Managing and Deleting PVCs and PVs
Checking Persistent Volumes −
To list existing PVs -
$ kubectl get pv
Output
It will produce the following output -
NAME CAPACITY ACCESS MODES RECLAIM POLICY STATUS CLAIM STORAGECLASS VOLUMEATTRIBUTESCLASS REASON AGE my-pv 1Gi RWO Retain Bound default/my-pvc <unset> 11m
Checking Persistent Volume Claims −
To list all PVCs -
$ kubectl get pvc
Output
It will produce the following output -
NAME STATUS VOLUME CAPACITY ACCESS MODES STORAGECLASS VOLUMEATTRIBUTESCLASS AGE data-mymysql-0 Pending <unset> 6d1h dynamic-pvc Pending fast-storage <unset> 2m30s my-pvc Bound my-pv 1Gi RWO <unset> 11m
Deleting a PVC
To remove a PVC −
$ kubectl delete pvc my-pvc
Output
It will produce the following output -
persistentvolumeclaim "my-pvc" deleted
Note − Deleting a PVC does not immediately delete the associated PV unless the reclaim policy is Delete.
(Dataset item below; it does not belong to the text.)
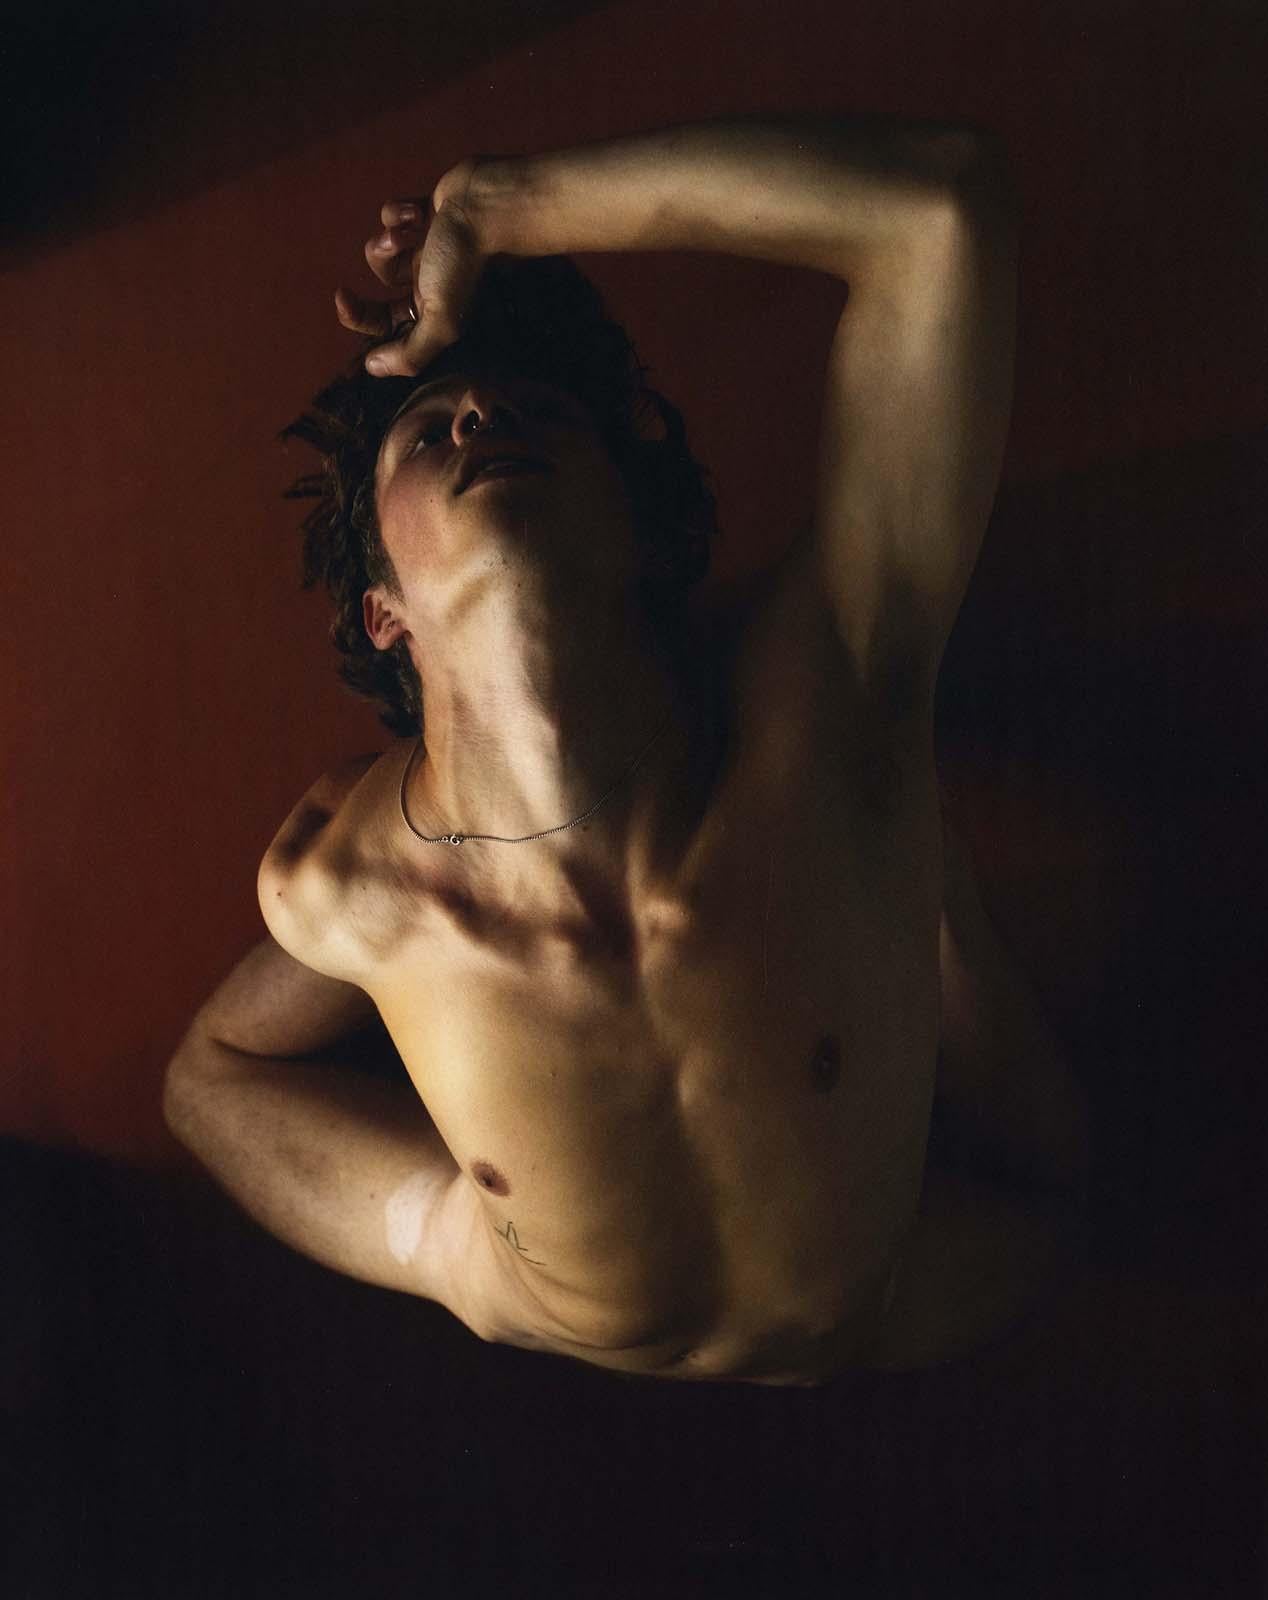 Alex Avgud Nude Photograph - Tom on the Red Floor
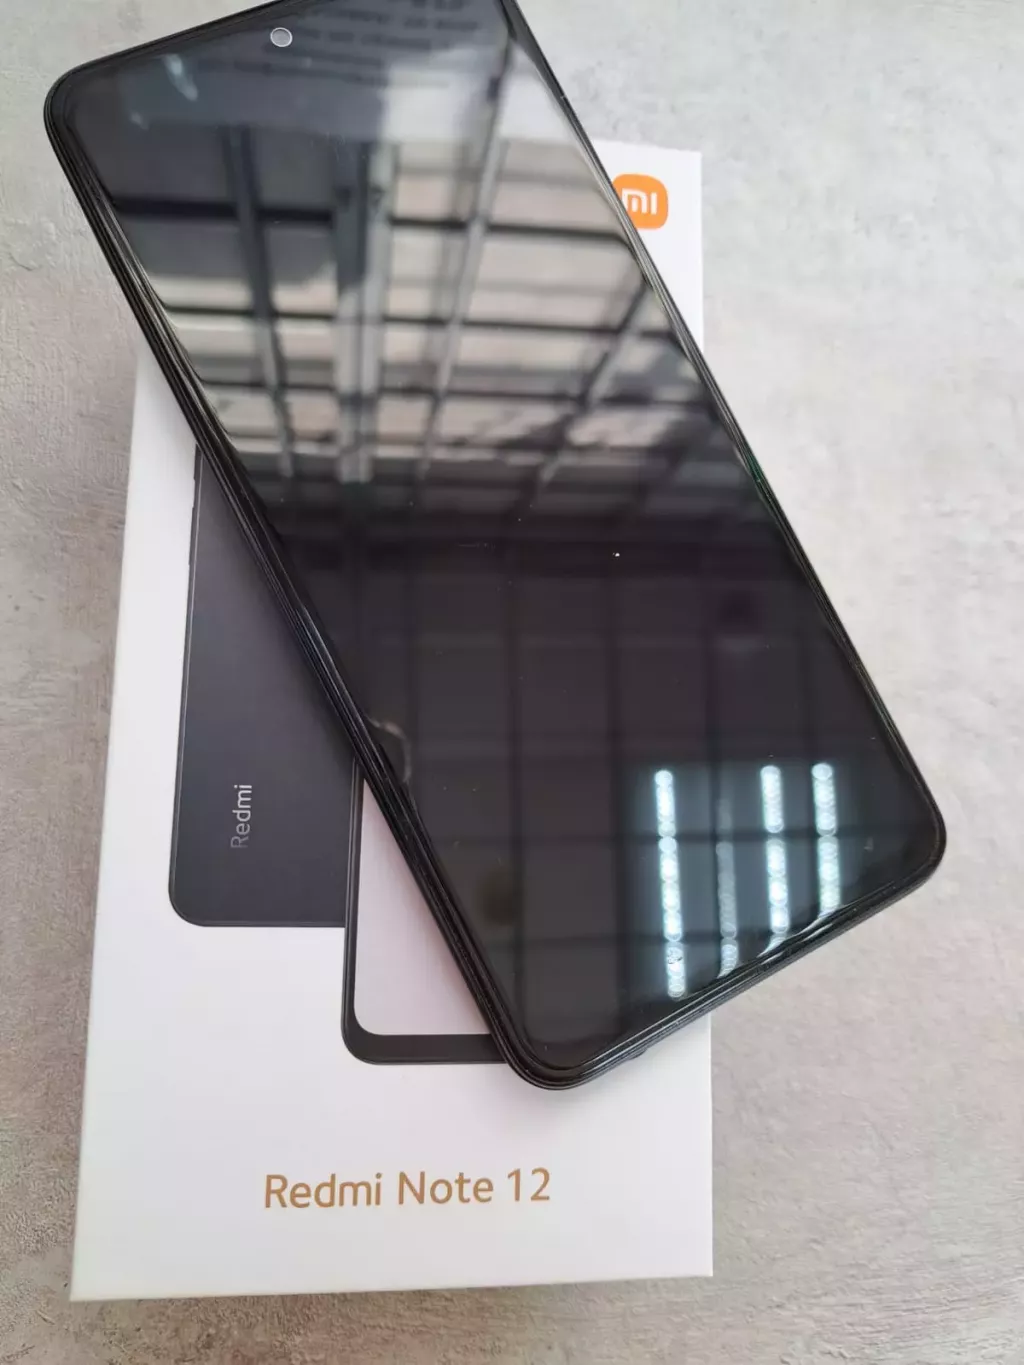 Купить б/у Xiaomi Redmi Note 12,  256 гб, Костанай 1015, лот 313732-1

Real-World Use Cases for Persistent Storage
Databases − Persistent storage is critical for databases such as MySQL, PostgreSQL, or MongoDB in Kubernetes. Without it, database data would be lost every time a pod restarts.
Logging and Monitoring − Applications often need persistent storage for logging purposes. Tools like ELK Stack (Elasticsearch, Logstash, Kibana) or Prometheus rely on PVCs to store log and metric data.
File Storage for Web Applications − Web applications, such as a CMS (WordPress, Drupal), require persistent storage to save uploaded images, documents, and media files.
Troubleshooting Persistent Storage Issues
PVC Stuck in Pending State − Check if a matching PV exists using kubectl get pv. Ensure the PV has the correct storage class and size.
Pod Stuck in ContainerCreating State − Verify that the PVC is correctly bound using kubectl get pvc. Check logs using kubectl describe pod <pod-name>.
Best Practices for Managing Persistent Storage
- Use Storage Classes − Instead of manually defining PVs, use StorageClass to provision storage dynamically.
- Monitor Storage Usage − Keep an eye on storage utilization using kubectl get pvc and Prometheus metrics.
- Backup Strategies − Implement backup solutions like Velero or cloud-based snapshots.
- Use ReadWriteMany (RWX) when needed − Some workloads may require shared access to the same storage.
- Automate Cleanup − Implement policies to reclaim unused storage to optimize resource utilization.
Conclusion
Persistent storage in Kubernetes ensures that applications requiring data retention can function reliably. By using Persistent Volumes (PVs) and Persistent Volume Claims (PVCs), Kubernetes enables decoupled and scalable storage solutions. Dynamic provisioning with Storage Classes further automates storage management, making deployments more efficient.
Understanding these concepts is essential for running stateful applications, such as databases and content management systems, in a Kubernetes environment. By properly configuring persistent storage, we can ensure that critical data remains intact, even when pods are rescheduled or restarted.